Putting skin in the game

A key feature of running an mail server is that you need to use it and rely on it for your email and, if you’re bold, the email your friends and family members (or that nonprofit you help out) depend on.

Home labs are great, but one drawback they have is that they’re experimental labs. You blow them away and start fresh when the experiment is over, or life gets busy and you abandon them. What most people don’t do with home labs is let them acquire shortcuts and technical debt. The kind of shortcuts and technical debt that accrue when some change needs to be made because things aren’t working, and you’re in a rush because you have a competing personal or professional deadline, and you need to ‘just get it up now and come back to it later’.

If you have email that really depends on your own server, you have to get it working again. You can’t just put it away until you feel like playing some more. When you need your email back NOW and you just want to get it working again, what kinds of problems are you going to cause for “future you?” That kind of technical debt is the kind of thing you’re going to be in charge of discovering and fixing a lot later in your career, and the best way I’ve found to get comfortable with it is to just do it.

Knowing how to build is knowing how to break. Also, compassion is key.

A special note for red-teamers and offensive security folks:  Sure, your career path right now doesn’t foresee a lot of operations work or running infrastructure, so why would you need to learn to run a mail server? It’s because knowing how to build something is knowing how to break it. After you’ve accumulated some technical debt (see above) and know where ALL of your own skeletons are buried, what are the odds other mail admins have skeletons lying in the same places? Pretty good.  It’s hard for me to think that it’s a bad idea to become more intimately familiar with your attack surfaces.

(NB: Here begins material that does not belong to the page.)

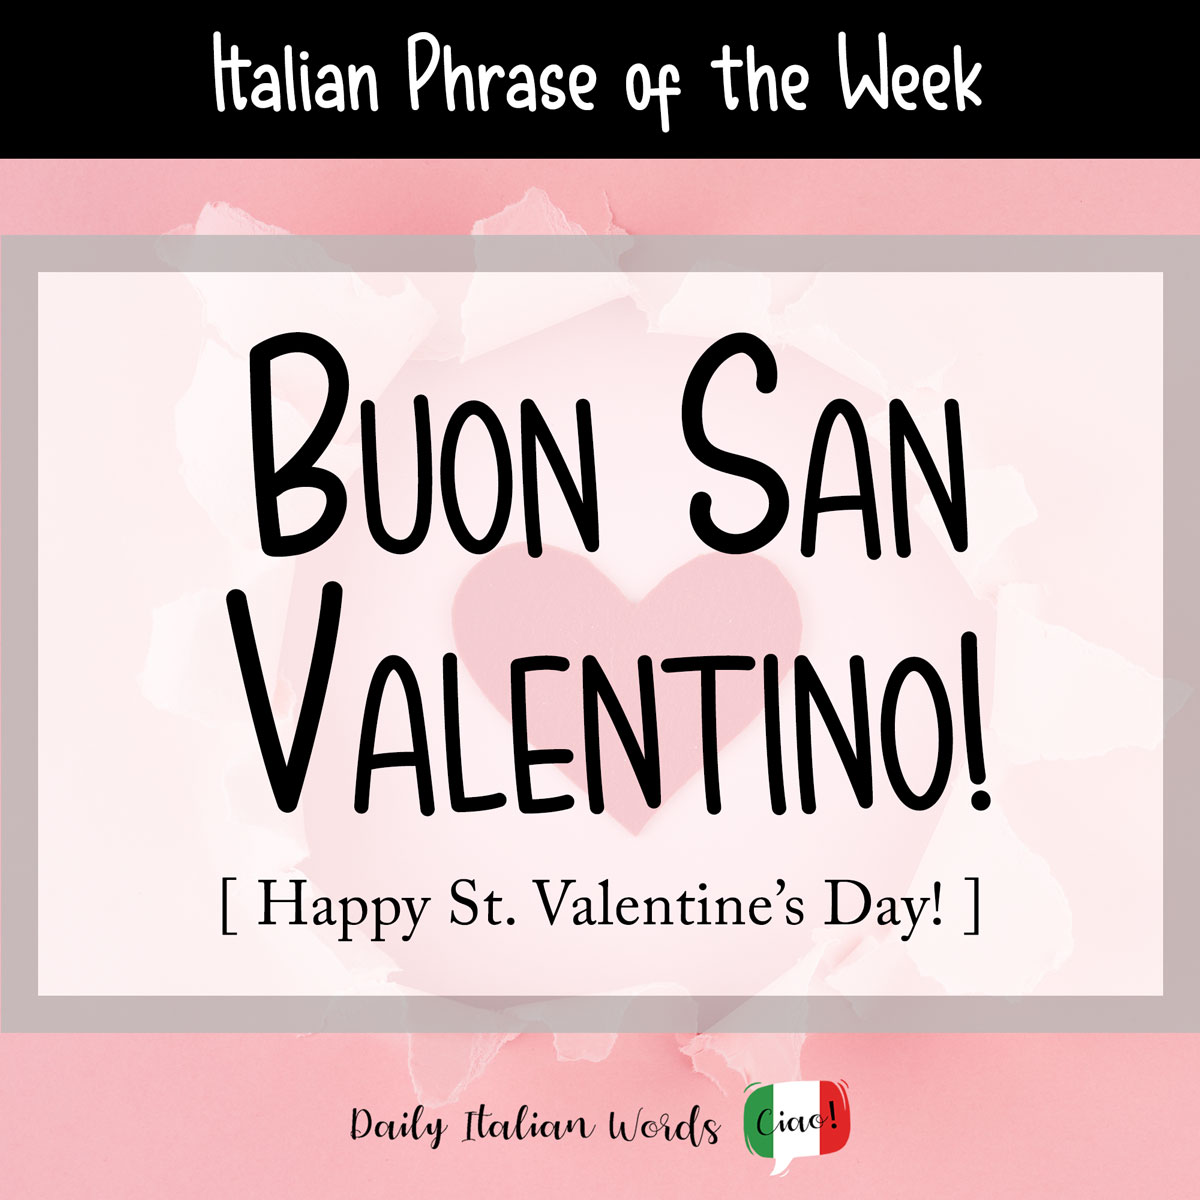 How to Say Happy Valentine's Day in Italian - Daily Italian Words

Also, a completely intangible but still important benefit to red-teamers of running your a mail server - especially in your earlier career phases - is that it helps you build compassion for how hard this stuff is to create and tie together. The internet is one massive interconnected system held together by duct tape and baling wire. Blue teamers are doing their best to secure everything and get it right. While offsec is a key part of helping us discover where that needs to improve, I’ve been guilty in the past of feeling superior and pointing an organisation’s  “dumb” or “bad” security builds.

I’m often asked by folks who want to get into security as a field (see above, it’s not an entry-level job) what I look for in a good security engineer. Here’s my secret: I look at lots of things, but one of them is whether that person has done any stints as a helpdesk person or a system administrator. Because the most senior of all senior skills in security, after learning how everything works, is learning why everything works that way. The answer is that someone had requirements, and they had constraints.  The combination of requirements and constraints is how they ended up with the imperfect thing they’re running, and the more experience you can get solving those two problems, the closer to ready you are for doing it in security when the stakes are higher than ever before.

So: Go ahead, run your own mail server. What, are you chicken?

(This post is a blog-form version of a presentation I gave to SANS Pen-Test HackFest in 2014. It was not recorded, so a blog post will have to do.)